SRM 624 D2L3: GameOfSegments, game theory, SD-Grundy theorem, Nimber, spraguegrundy

Question: http://community.topcoder.com/stat? C = problem_statement & pm = 13204 & rd = 15857

This topic needs to use the classic theory in game theory. The following is a summary of relevant theories:

Impartial Game: a fair Game. The two sides are the same except who starts the Game first.

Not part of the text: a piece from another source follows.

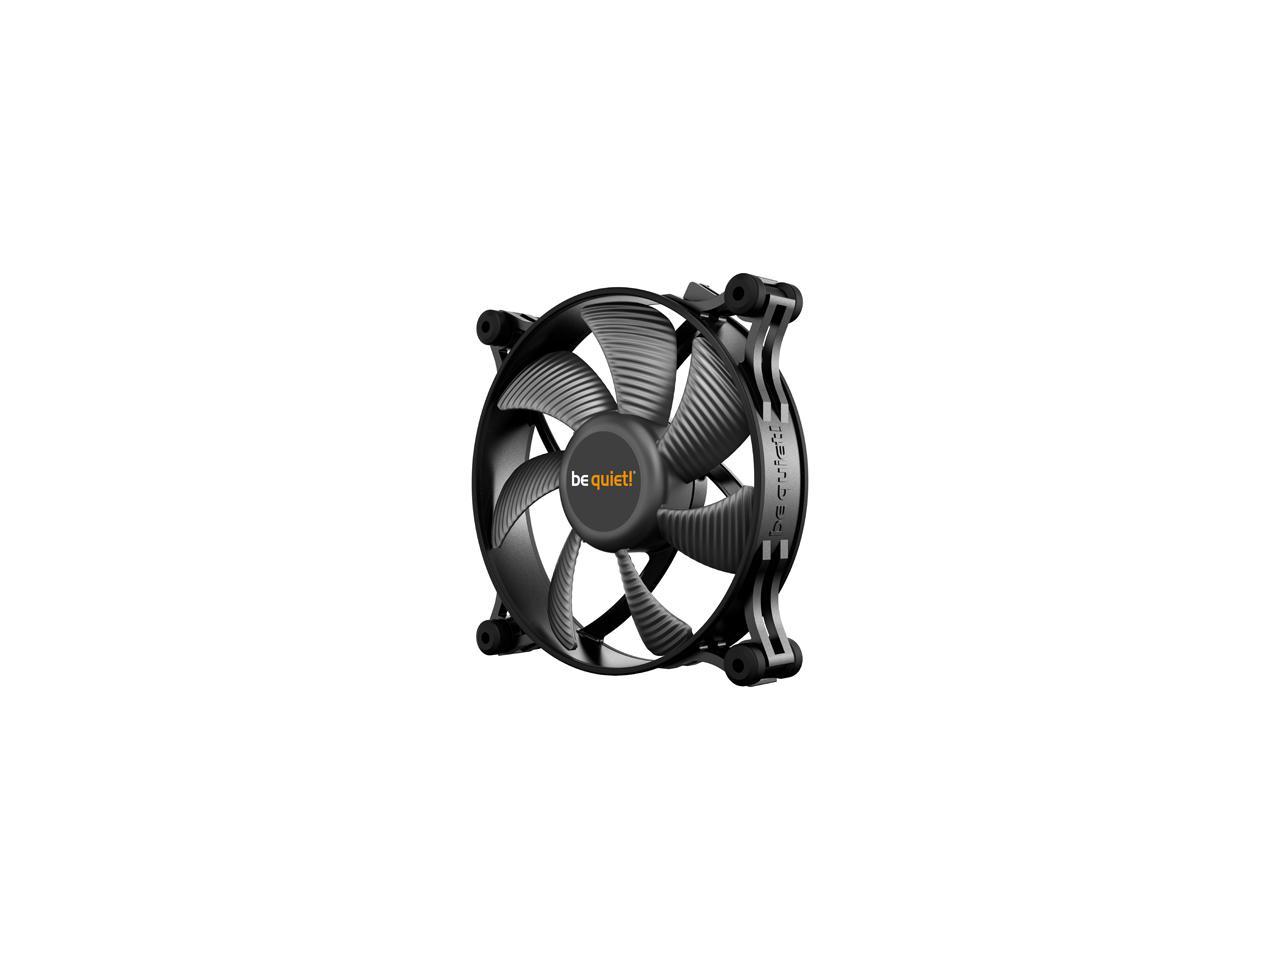 be quiet! Shadow Wings 2 120mm, Airflow-optimized Fan Blades, Whisper-quiet Operation and Reliable Cooling
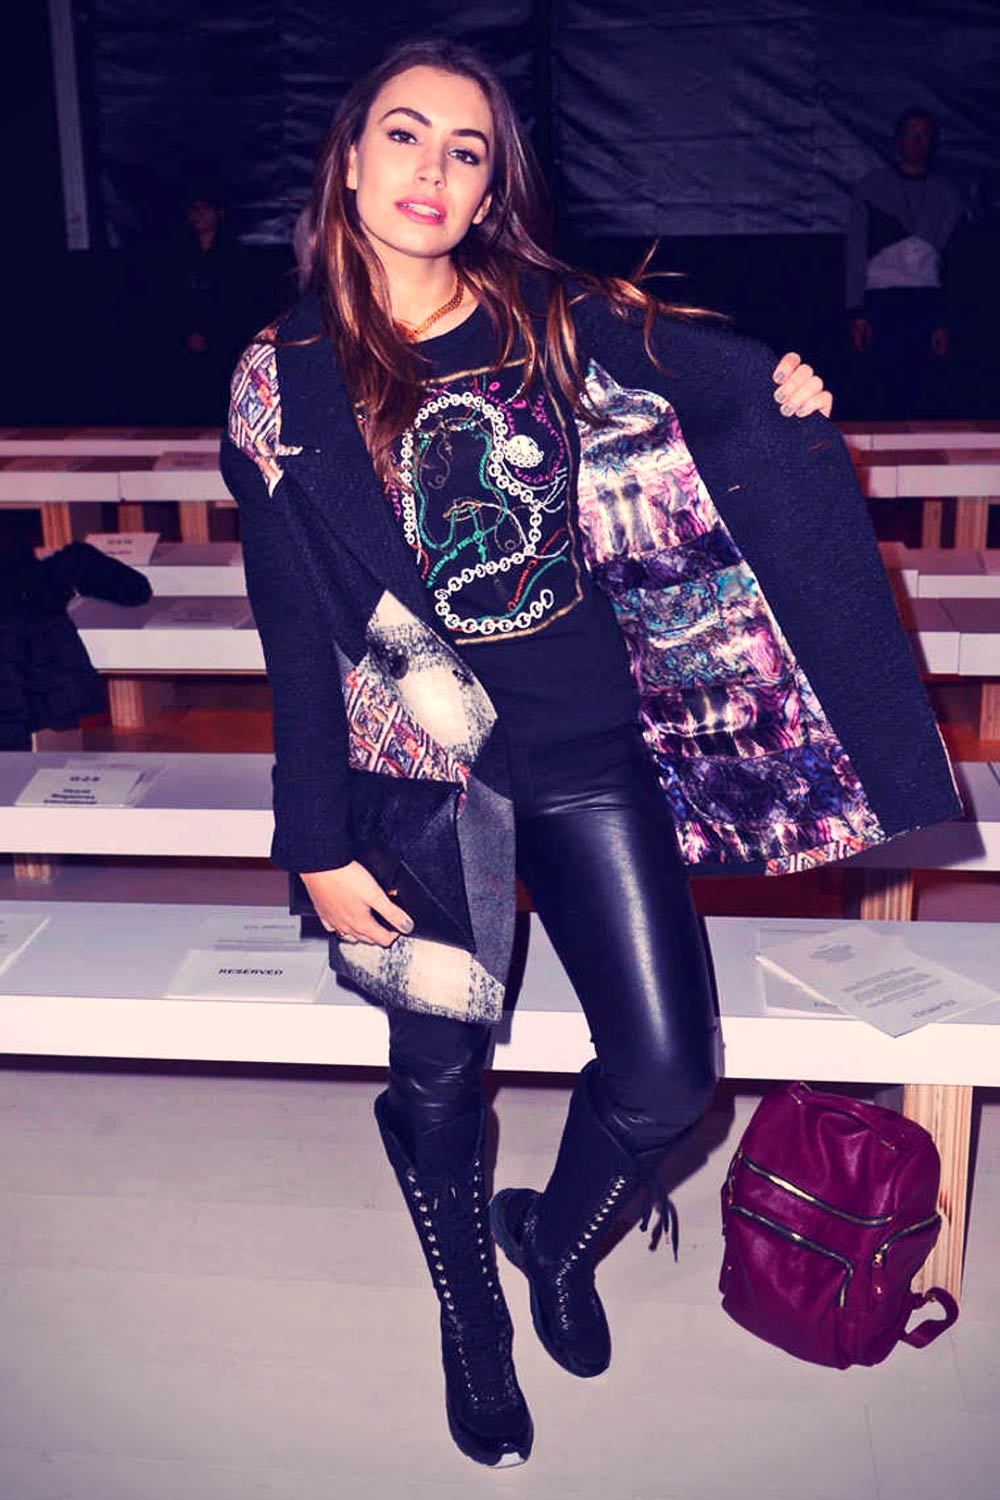 Sophie Simmons attends Custo Barcelona Fashion Show

Nim: a classic Impartial Game. Many games can be equivalent to Nim.

Nimber (Grundy numbers): number of game states. Each status should be a unique Nimber during the game's process.

The pair-grundy theorem: For an Impartial Game, its equivalent number of Nimber in the Game is equal to the value of the Mex function in all its successor States.

Mex: for a set of S, if G is the complement set of S, then Mex {S} = min {G }.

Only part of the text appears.